To achieve the best conversational experience in Wingbot.ai we're building an own natural language processing (NLP) pipeline, which best suits our chatbot engine. I'll try to explain how it works.
To understand the language you have to know the meaning of every word and relations between those words. In the pre-trained model each word has its numeric representation and is placed in a multidimensional space according to its meaning. This technique is known as word2vec. To be able to understand another language we just need to train a language model for it.
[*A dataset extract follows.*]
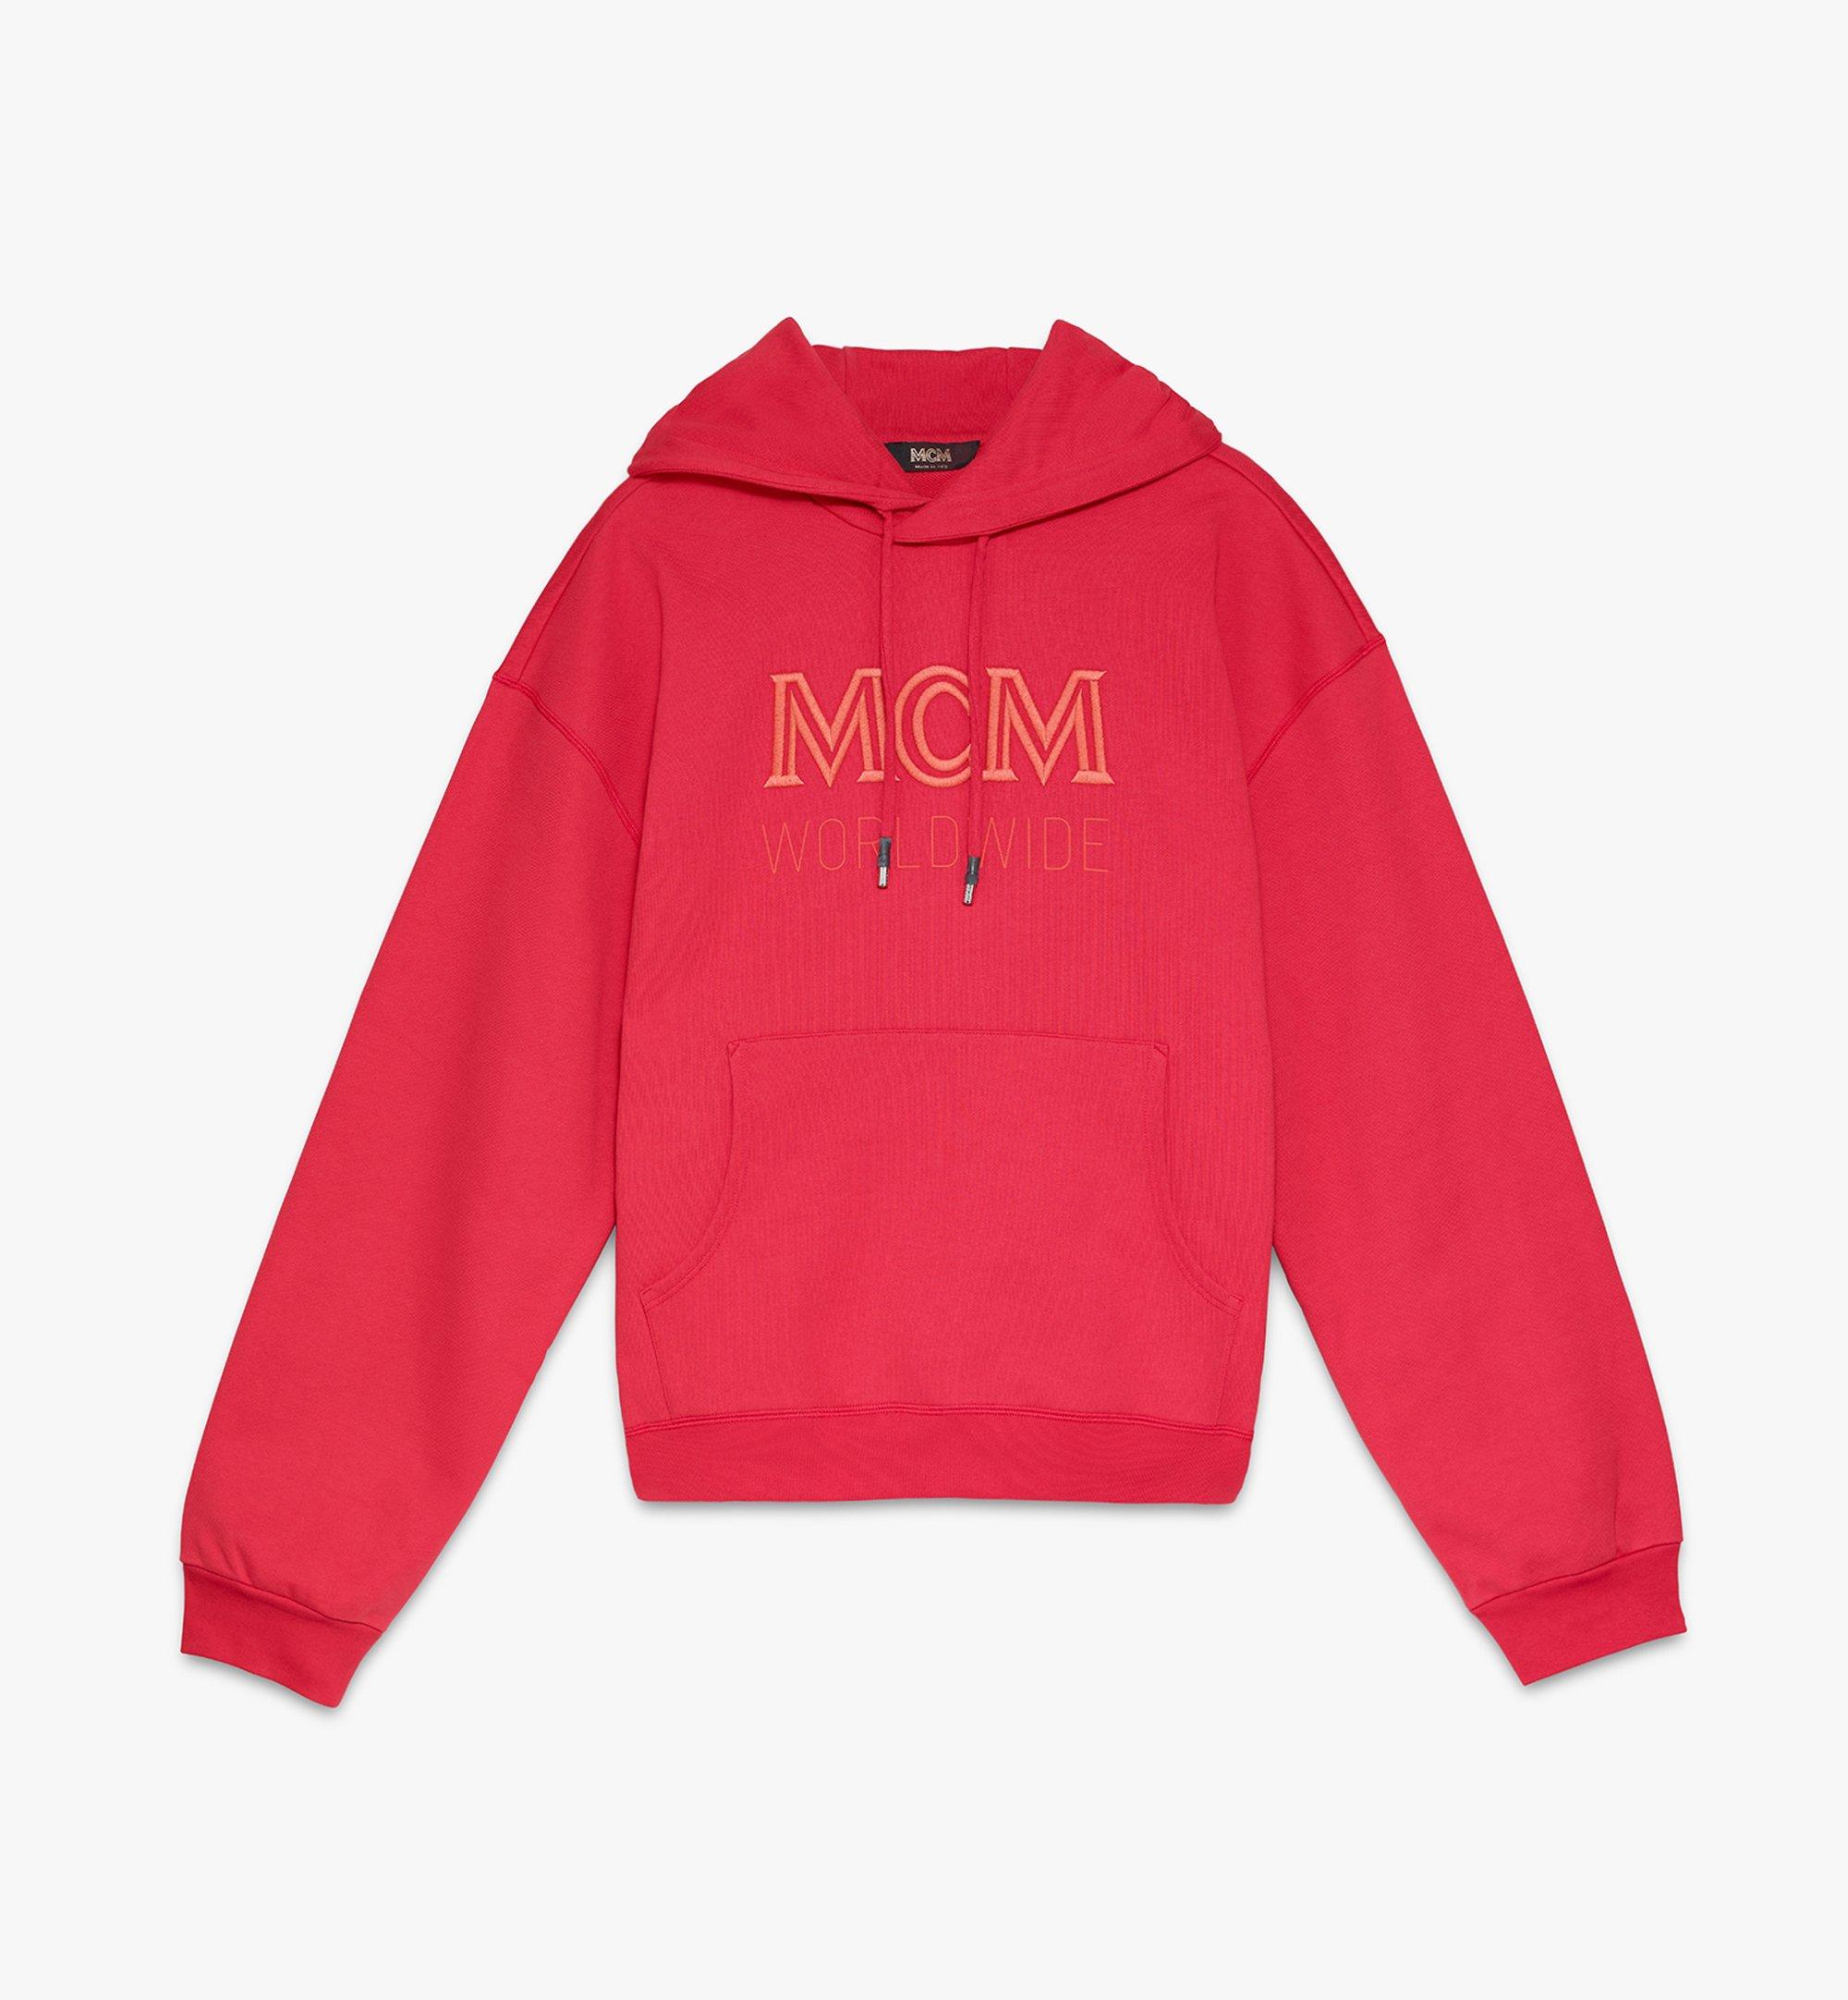 mcm men's sweatshirt

When training the custom model, the training data are "mapped" onto the pre-trained models space and a subset of related words is extracted from its dictionary. We're able to determine a numeric representation of each training sample and use these data to train a neural network. The neural network training is like establishing imaginary borders between words according to which intent they belong to.
For a chatbot to be able to recognize your intention, we need to provide sample utterances and their meanings - intents. Sometimes there is a need to detect a specific type of information, for example a city - we call it entity. Intent samples with marked entities makes together the training data.
When you ask our chatbot to find a flight, for example, we'll first detect all entities - words that match with pre-defined lists or rule sets, like numbers, dates or cities. Then the NLP will try to find a numeric representation of your sentence by determining its coordinates in the the NLP model. With sentence translated to numbers we can use the previously trained neural network to recognize the winning intent and confidence of recognition.
It often happens you ask the bot about something it does not understand. The most important part of training is collecting and analyzing those misunderstandings. To provide the best experiece we use human curation as a filter for new training data. Chatbot trainers are carefully selecting new utterances or whole topics to enhance the training data. Only with regular and continuous training the NLP can achieve high understanding rates.